Flemish media are overwhelmingly sympathetic in their coverage. The Dutch show little interest.

The Dutch aren’t sure what to make of Catalonia’s independence bid. Only in the last few days have their news media started paying attention to what’s happening in the region.

Flemish media are more interested. Maybe because they have pragmatically managed their differences with the French-speaking Walloons for decades and are wondering why the Catalans and Spanish can’t do the same?

Dutch indifference

You might expect the Dutch could sympathize with a people yearning to be free of Spanish rule, but aside from my own op-ed in the NRC newspaper this week (in which I argue Rajoy’s intransigence has radicalized the independence movement), there hasn’t been a lot of analysis or opinion.

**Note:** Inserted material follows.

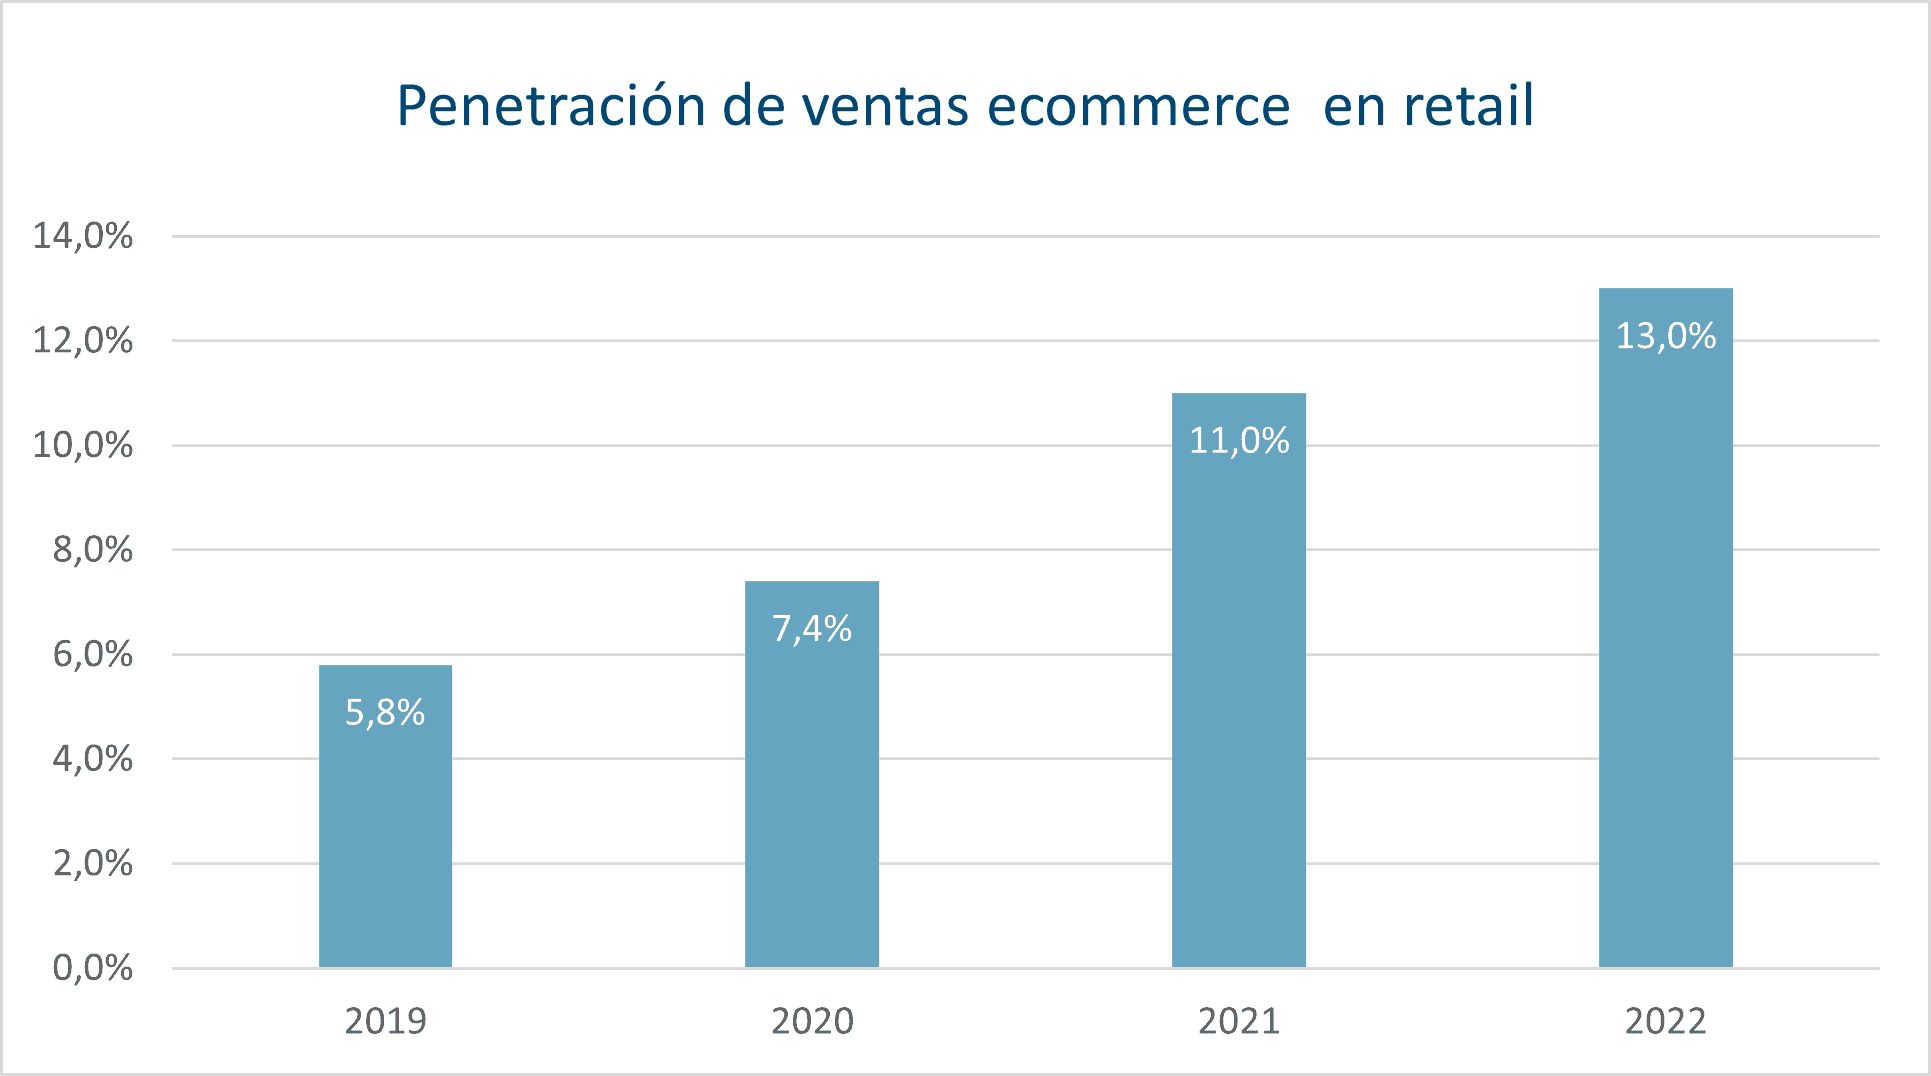 Variación anual de % ventas ecommerce en retail en Chile
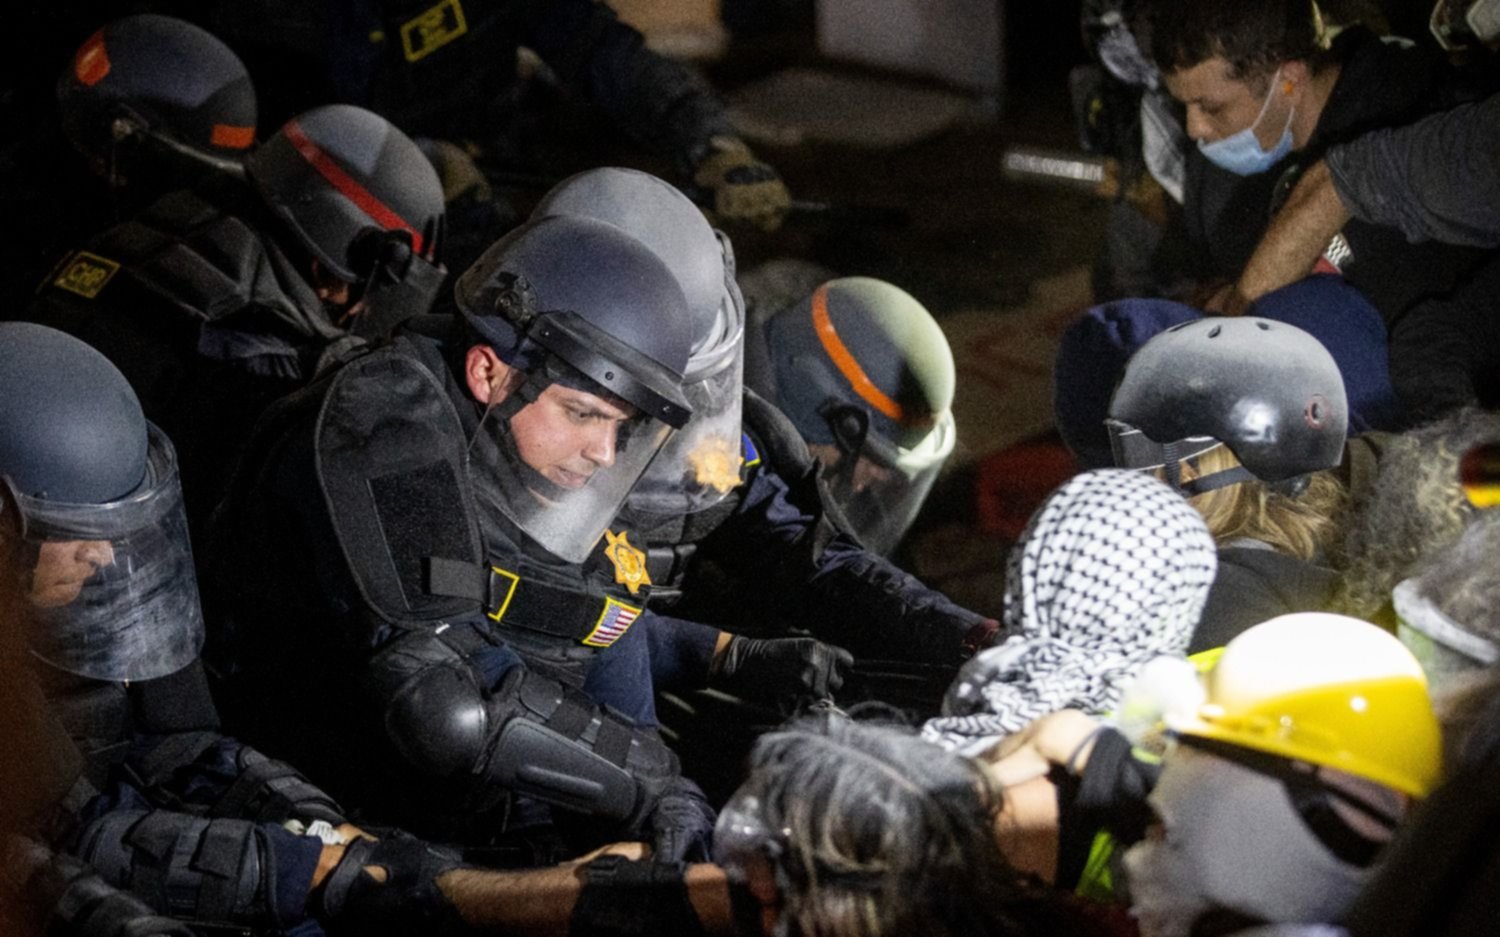 Los Angeles: la policía avanzó sobre los estudiantes que acampaban a favor de Palestina

The national broadcaster NOS is providing daily updates of the situation, but they are matter-of-fact. Although their correspondent in Spain, Rop Zoutberg, does wonder in one story if Mariano Rajoy was wise to choose repression:

It’s the separatists who are helped by the heavy-handed intervention of the Spanish police, because it only aggravates the Catalans.

Most of the major newspaper coverage has been neutral.

Flemish sympathies

The view could scarcely be more different from Flanders.

There, the regional prime minister, Geert Bourgeois, has criticized Spain’s “political and legal show of force” and called for international mediation.

Mark Demesmaeker, a European lawmaker for the ruling Flemish nationalist party, wonders in an op-ed for Knack magazine why the EU will censure Hungary and Poland for their antidemocratic policies but not take Spain to task.

The European Commission … is allowing a tsunami of Spanish lawsuits, fearful of the consequences of a tsunami of Catalan democracy.

The Flemish newspaper De Morgen is among the most sympathetic. One of its editors, Bart Eeckhout, writes that Spain seems determined to relive the trauma of the Franco era. Pedro Brugada calls on Europe to stop Spain’s attempts to circumvent democracy.

A more nuanced take comes from Bart Haeck. He argues in the business daily De Tijd that while Spain is adding fuel to the fire, the Catalans have not thought their secession plan through:

What’s happening in Catalonia is a reckless political adventure that brings to mind the worst moments of the Brexit campaign.